Tuesday, December 30, 2025 | By: Velvet Lenae
Let's talk gently, but honestly.
Many of us learned how to pray before we ever learned how to listen to our bodies. We learned discipline, reverence, and restraint long before we learned language for desire, curiosity, or pleasure. Somewhere between sermons and adulthood, sexuality became something to manage instead of something to understand.
And yet...here we are.
Spiritually grounded. Thoughtful. Reflective. Still craving touch, intimacy, closeness, and connection.
So the tension isn't whether desire exists. The tension is what we were taught to do with it.
For many people raised in religious households or within the Black church especially, sexuality was framed in extremes:
These messages weren't always meant to harm. Often they came from protection, survival, and respectability. But what they didn't offer was a roadmap for integration.
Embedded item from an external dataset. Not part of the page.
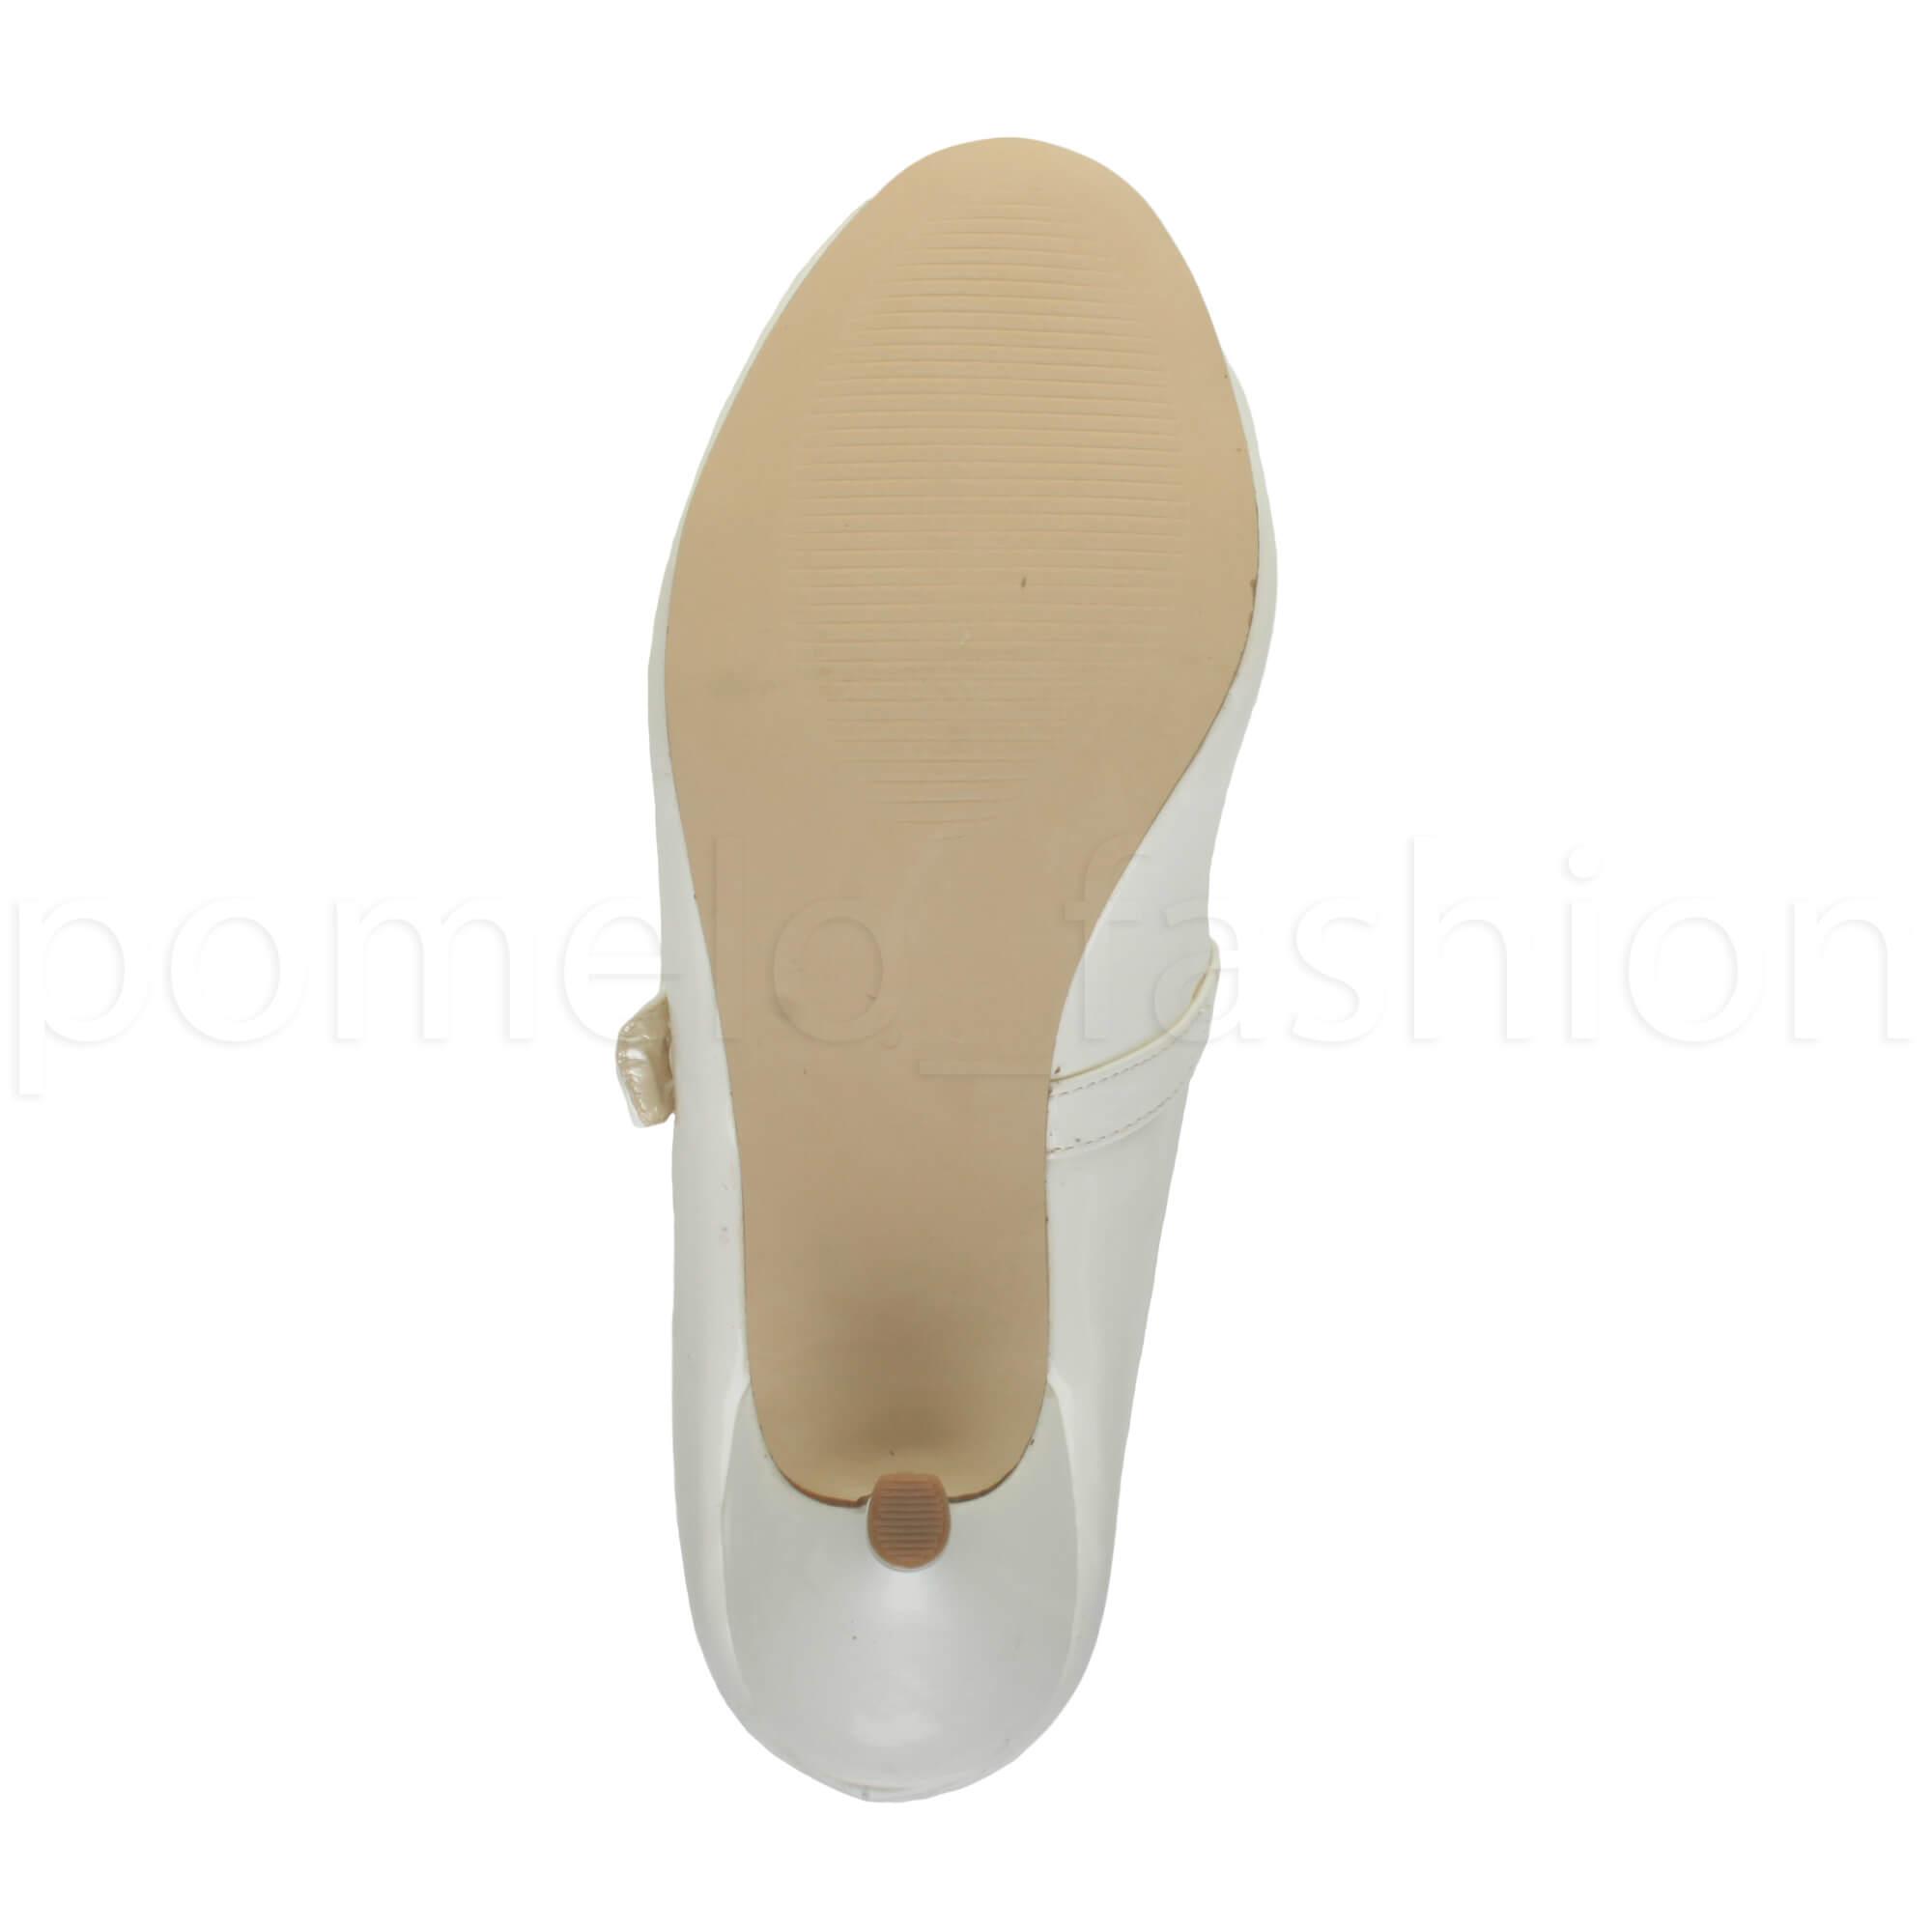 miniatura 183 - Donna basso tacco medio Mary Jane Damigella Matrimonio Pompe Scarpe Da Sera Taglia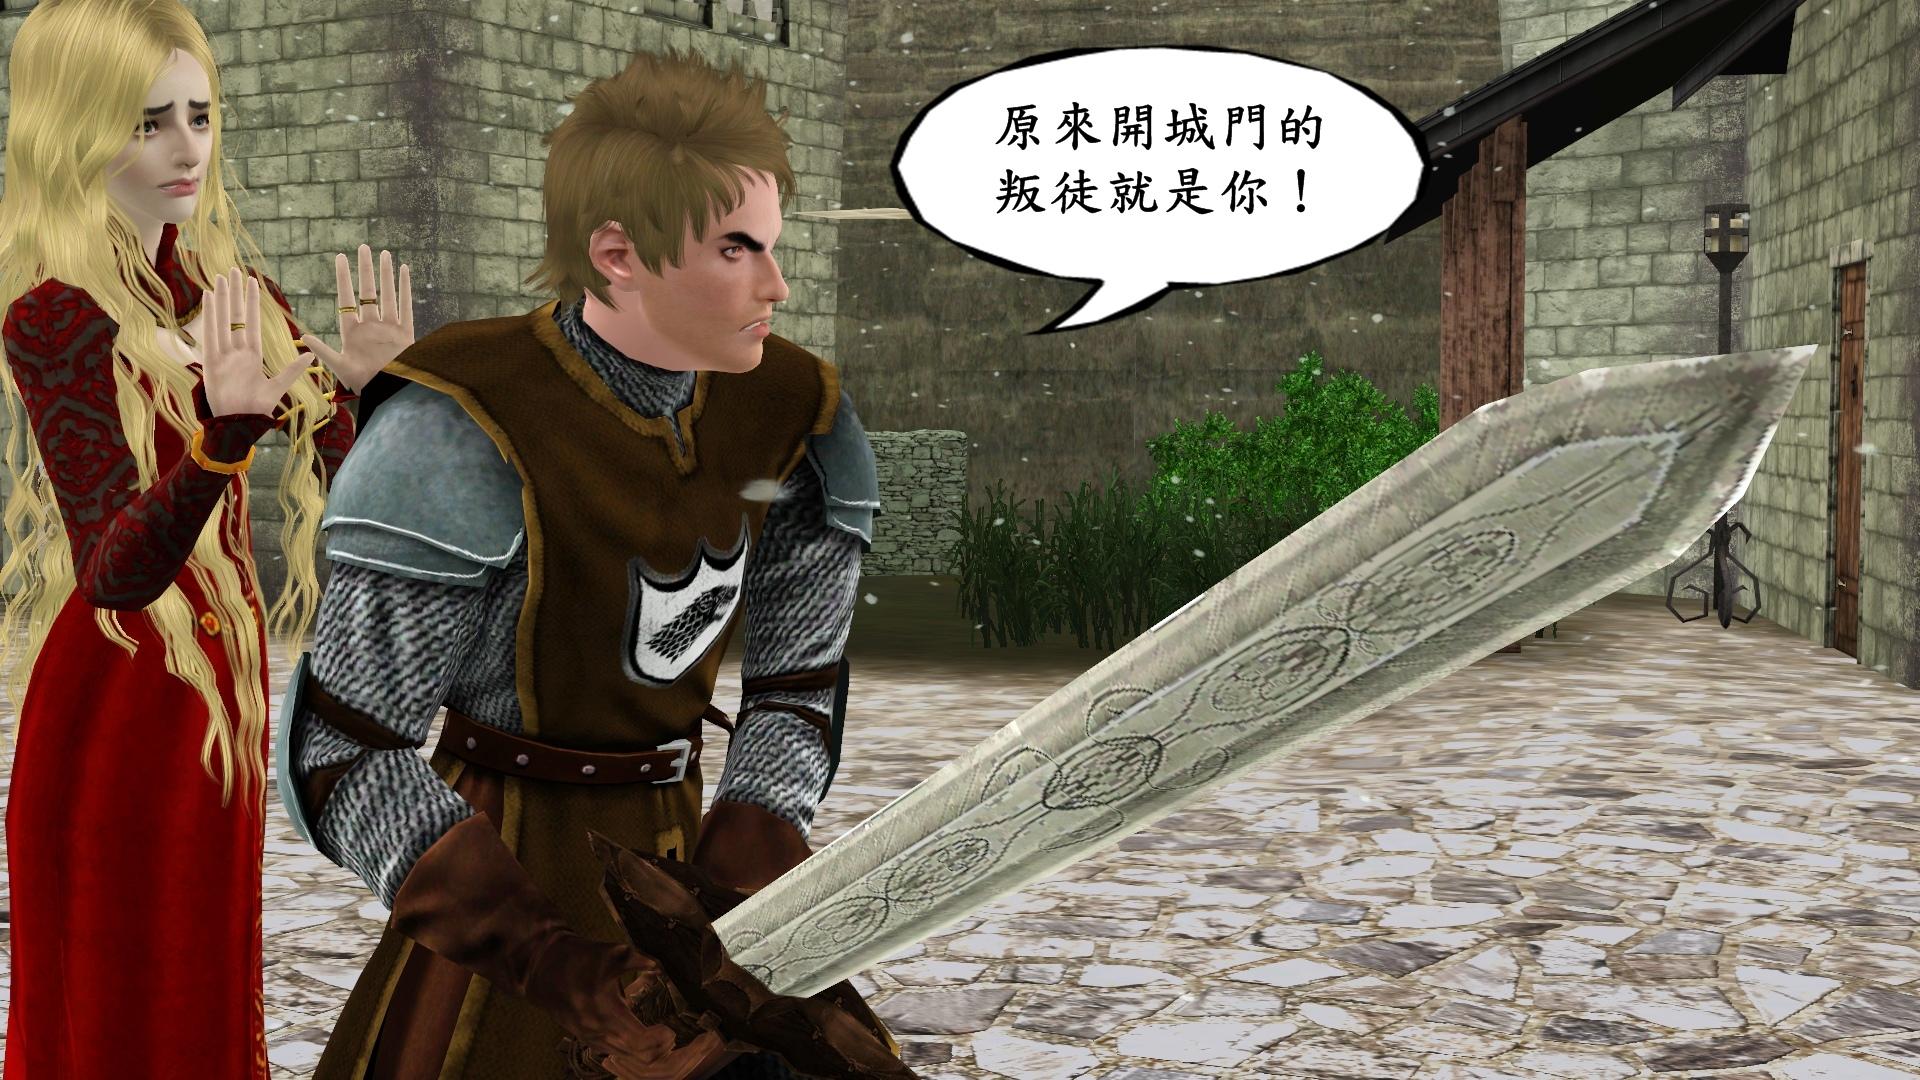 A09原來開城門的叛徒就是你!.jpg

How to be whole once desire showed up anyway.
Because desire doesn't disappear just because we were told it should.
Here's the truth we don't say enough...
Being spiritual does not mean being disconnected from your body.
Being faithful does not mean being sexless.
Being intentional does not require denying desire.
You can pray and crave touch.
You can believe deeply and still want intimacy.
You can be grounded and sensually alive.
The issue isn’t desire.
The issue is desire wrapped in shame.
Religious conditioning often teaches behavior before it teaches emotional literacy. That's where shame slips in quietly...
And during December when family, tradition, memory, and reflection collide, those internal conflicts tend to rise to the surface.
The holidays don't create the tension. They just turn the volume up.
What if desire isn't rebellion, but information?
What if pleasure isn't corruption, but communication?
What if your body isn't betraying your values, but asking to be included in them?
Reconciliation doesn't mean abandoning spirituality. It means expanding the conversation so your beliefs and your body can coexist.
Pause here. No fixing. No judging. Just honesty.
Sweet- What messages about sex, desire, or "purity" did I inherit without ever questioning?
Raw- Which of those messages still shape how I show up in intimacy today, consciously or subconsciously?
Sticky- If I don't unpack this now, how might it follow me into the new year and into my relationships?
Because what we don't examine...tends to linger.
As the year closes, this isn't about rejecting faith or discarding values. It's about integration...about entering the next chapter with less internal conflict and more self-honesty.
This blog isn't the deep dive. It's the doorway.
In 2026, I'll be opening a fuller conversation around Sex & the Church. Exploring identity, ego, shame, pleasure, and healing with the time and care it deserves.
For now, just sit with this truth. you don't have to choose between being holy and being horny. You're allowed to be BOTH.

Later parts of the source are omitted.